3.4 Developing Service Metrics

After gathering requirements for the network, the next step is to analyze these requirements so that you can distinguish between various performance levels in the network. We will develop and use performance thresholds and limits to distinguish between low and high performance and will also use performance characteristics to identify predictable and guaranteed performance levels. Performance thresholds, limits, and characteristics are measured in the system with service metrics.

Service metrics either are actual measurable quantities in the network or are derived from measured quantities. These service metrics are important; they are where "the rubber meets the road"—where requirements from all layers in the system are distilled into configurable and measurable quantities.

Recall from Chapter 2 that for a performance characteristic to be useful, it must be configurable, measurable, and verifiable within the network. This is particularly true when parts of the network are outside the control of the network administrator, for example, when a service provider is contracted to supply a service such as ATM or frame relay in the network or when parts of the network (or the entire network) are outsourced. In such cases, service metrics can be used to ensure that you are getting the service you are requesting (and paying for) from the service provider or outsourcing agent.

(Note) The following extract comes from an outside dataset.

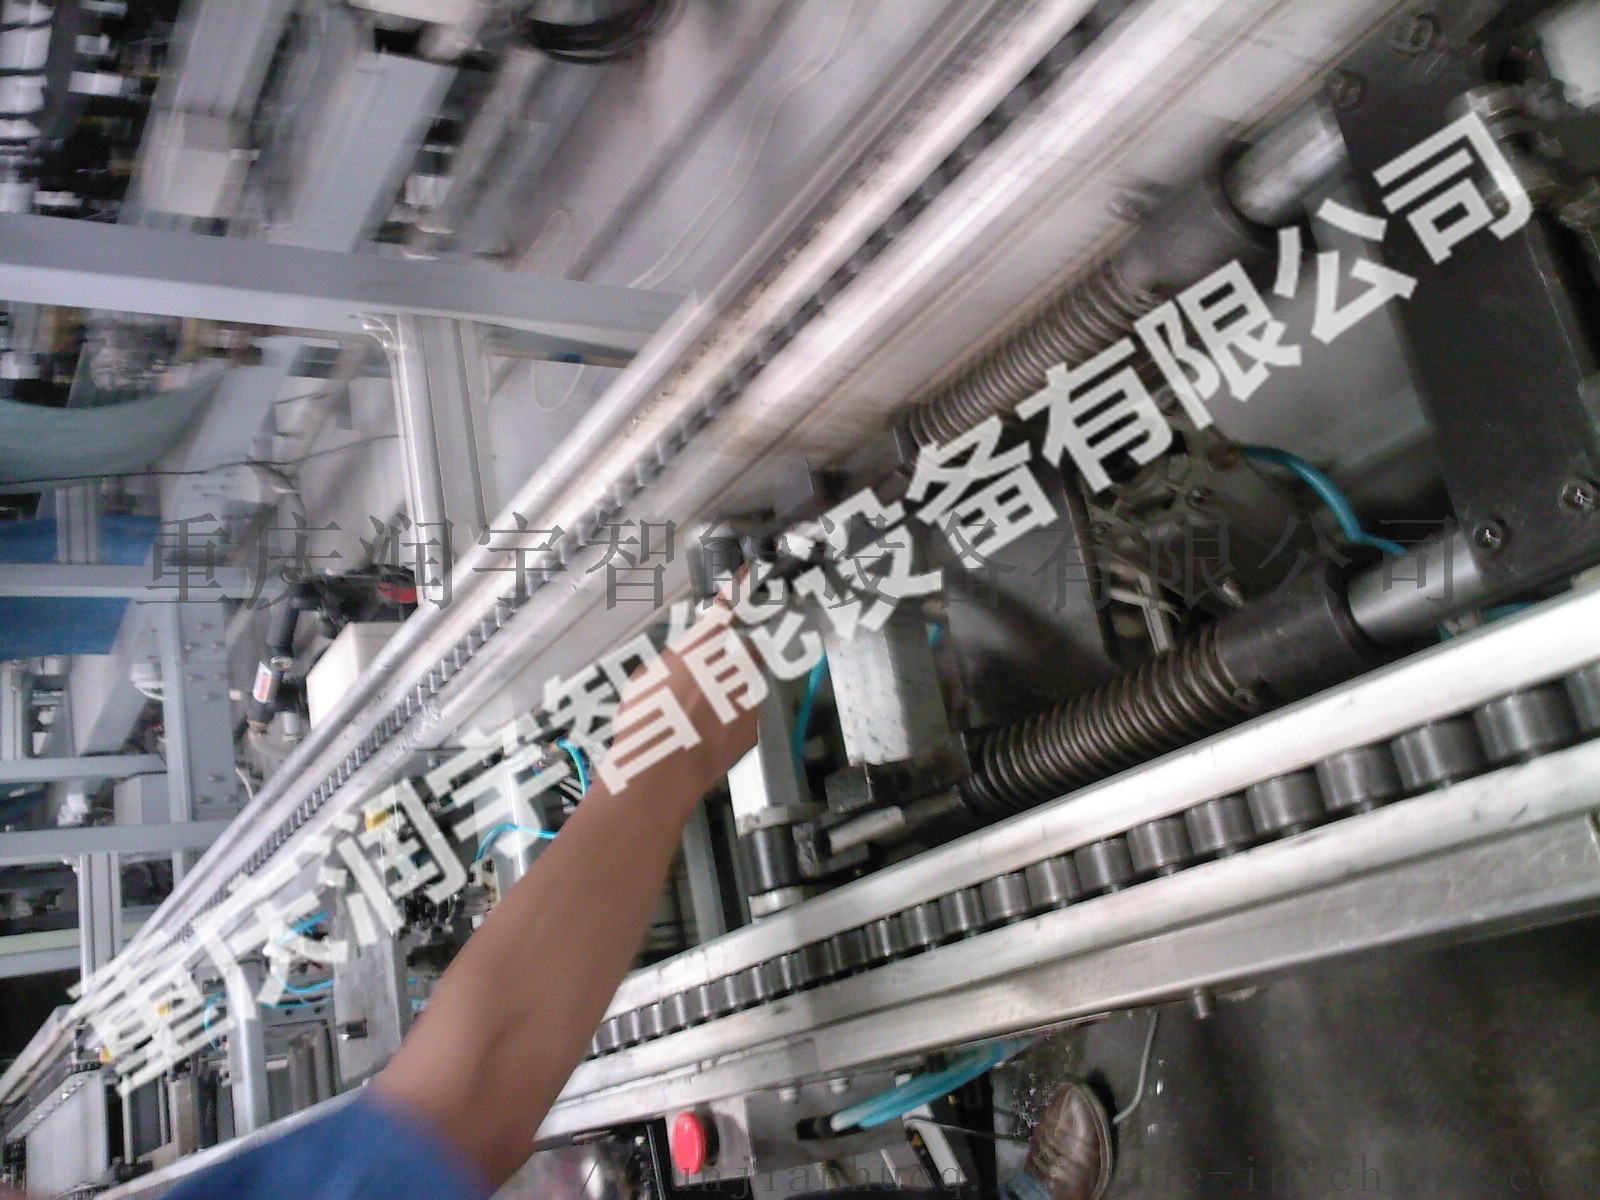 TY通机线内工装板倾斜机构-01_副本.jpg

The types of service metrics you will use will depend on your design and the types of equipment (network devices) you implement in the network, but at this point in the analysis process, you can influence or require what will be measured in the network and (to some extent) how it will be measured.

Service metrics for RMA include:

Reliability, in terms of mean time between failures (MTBFs) and mean time between mission critical failures (MTBCFs)
Maintainability, in terms of mean time to repair (MTTR)
Availability, in terms of MTBF, MTBCF, and MTTR

Additional metrics can include uptime and downtime (as a percentage of total time), error and loss rates at various levels, such as packet error rate, bit error rate (BER), cell loss ratio (CLR), cell misinsertion ratio (CMR), frame and packet loss rates.

Service metrics for capacity include:

Data rates, in terms of peak data rate, sustained data rate, and minimum data rate
Data sizes, including burst sizes and durations

Service metrics for delay include:

End-to-end or round-trip delay
Latency
Delay variation

As configurable and measurable quantities in the network, service metrics can be described in terms of variables in network devices. There will also be mechanisms to configure and measure these variables. As we will see in Chapter 7, current mechanisms to configure and measure service metrics are with network management platforms that use the Simple Network Management Protocol (SNMP) and the Common Management Information Protocol (CMIP), which access variables described in management information bases (MIBs). MIBs describe generic and enterprise-specific management variables.

Examples of variables used as service metrics include:

Bytes in/out (per interface)
IP packets in/out (per interface)
Dropped Internet Control Message Protocol (ICMP) messages per unit time (per interface)
Service-level agreement (SLA) metrics (per user)
Capacity limit
Burst tolerance
Delay
Downtime

3.4.1 Measurement Tools

In addition to the management protocols and MIBs, we can use commonly available tools to help us measure service metrics. One such tool is the utility ping (Packet InterNet Groper) (available in TCP/IP releases), which roughly measures round-trip delays between selected sources and destinations in the network. Another tool is pathchar (available from ee.lbl.gov), which combines round-trip delay and per-link capacity measurements with path traces, such as with another popular utility traceroute. Another popular tool to analyze TCP traffic is TCPdump. There are also proprietary tools, enterprise-specific tools, and technology-specific tools that may be used in addition to those described.

For example, one method to monitor availability in the network is to use ping to estimate delay and packet loss (Figure 3.6). Ping tells us the approximate round-trip delay, as well as when ICMP echo packets (ping packets) are lost in the network or at the destination. Although not an exact method, it is fairly simple to set up and use and it provides an early warning mechanism for RMA problems.

click to expand
Figure 3.6: Using ping and IP packet loss as service metrics for RMA.

When developing service metrics, we want to also try to determine where in the system we want to measure each metric, as well as potential mechanisms for measurement, as in Figure 3.7.

Service Metric		Where Metric Will Be Measured in System	Measurement Method
1	LAN Delay	Between NM Device and Each Router in LAN	Ping
2	Wan Delay 1	Between NM Device and Local Router Interface to WAN	Ping
3	WAN Delay 2	Between NM Device and Remote Router Interface to WAN	Ping
3	LAN Packet Loss	At Each Local Router	SNMP

Figure 3.7: Example service metrics.

3.4.2 Where to Apply Service Metrics

Where service metrics are applied is determined in part by what you plan to achieve from them (e.g., separating responsibilities). They are useful when trying to isolate and track problems in the network, especially when multiple groups are responsible for the network. For example, in Figure 3.6, the service metrics that are applied can also be used to separate responsibilities between an end-to-end provider, a WAN service provider, and other intermediate providers.